Easy Ways to Help Students Learn About Money | Bringing Financial Literacy Into the Classroom
Q: I wish I had learned more about money growing up. I've recently graduated from university and have started teaching at a middle school. I've noticed that many of my students also know very little about money. One of my goals this year is to help increase their level of financial literacy. What tips and advice can you give me?
A: Kids these days are very good at spending money, but when it comes to managing their money, saving towards their goals or even earning money, their level of financial understanding is unfortunately very low.
What is Financial Literacy?
Financial literacy, as it was defined by the Task Force on Financial Literacy, “means having the knowledge, skills and confidence to make responsible financial decisions.”

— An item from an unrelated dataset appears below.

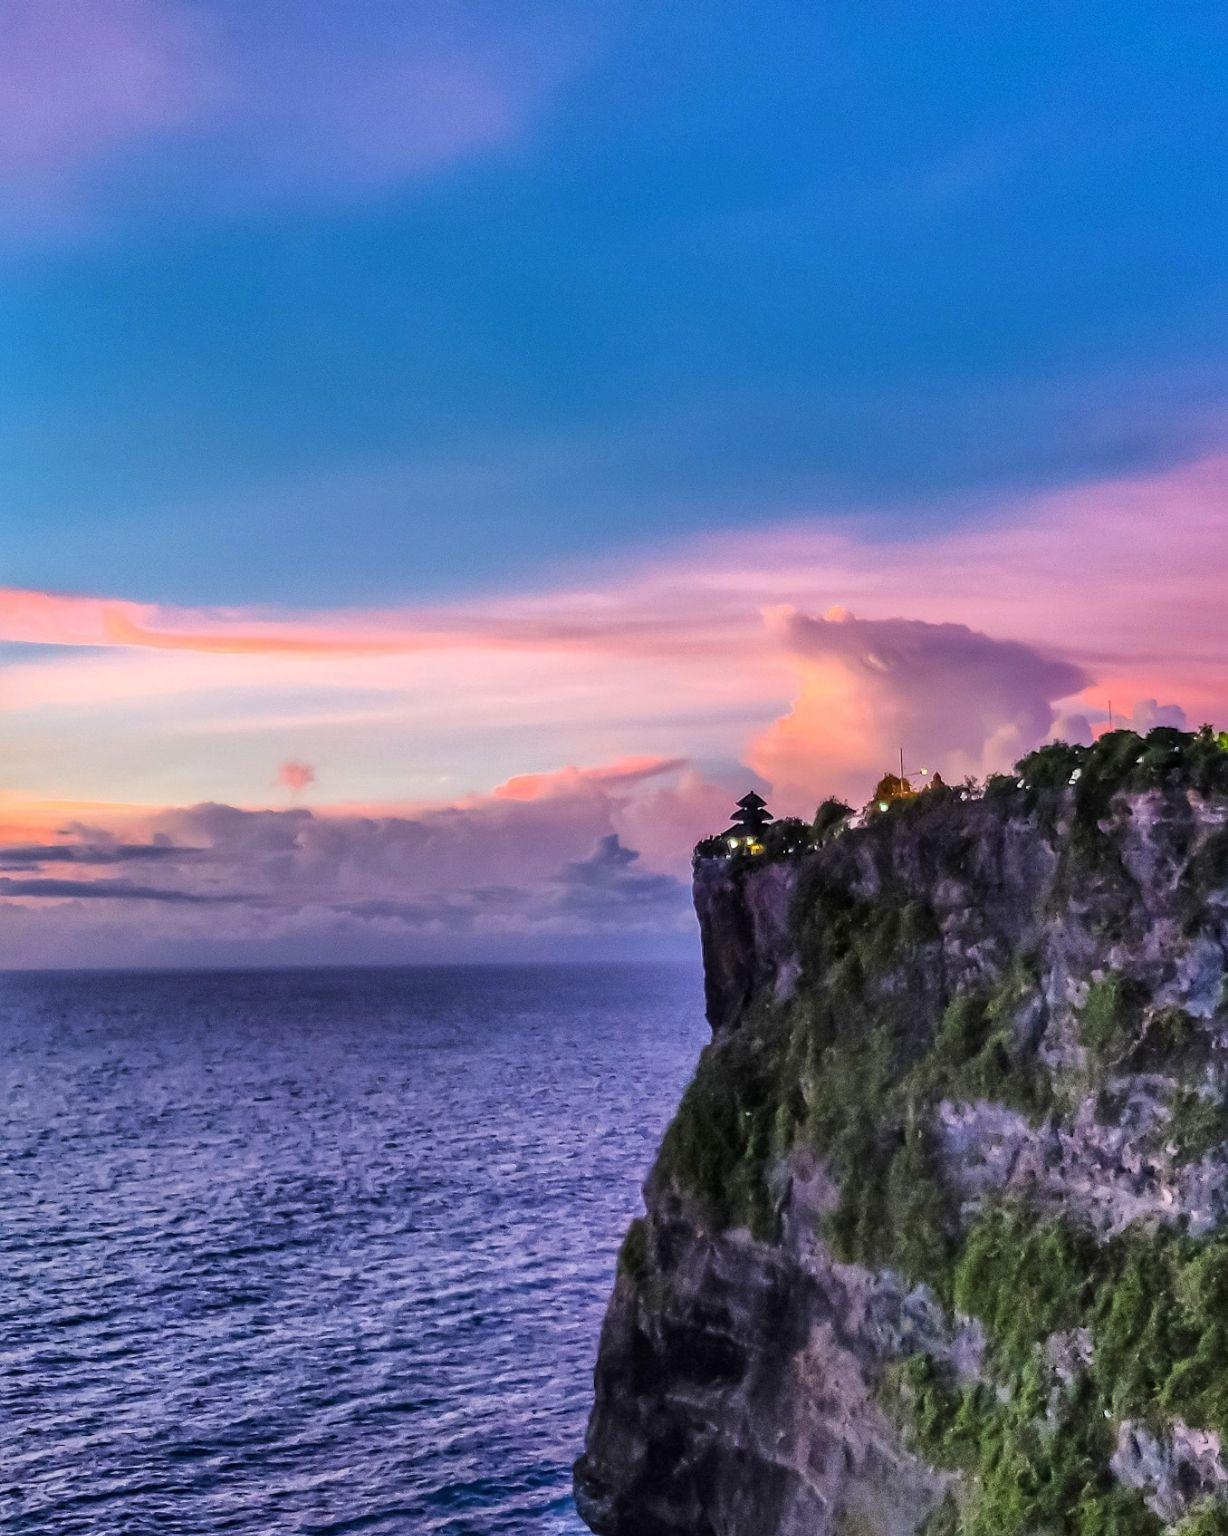 Photo of Bali By Siddharth Mishra

Financial literacy isn’t something we are born with, but it is as important a life skill as reading, writing and arithmetic. As parents struggle to do the best they can, they often don’t think to help their kids learn about money because they aren’t good with it themselves.
However, teaching kids what they need to know so that they can make confident financial decisions, will help them for the rest of their lives.
How to Teach Kids About Money
I applaud you for taking this initiative! Learning money skills and becoming confident and capable financial decision-makers will help your students in every aspect of their lives.
Here are some things to keep in mind as you teach kids about money:
Money is part of our lives, and we develop our attitudes about money from various sources, including our families, friends, peers, cultural influences, the media, and those in our community.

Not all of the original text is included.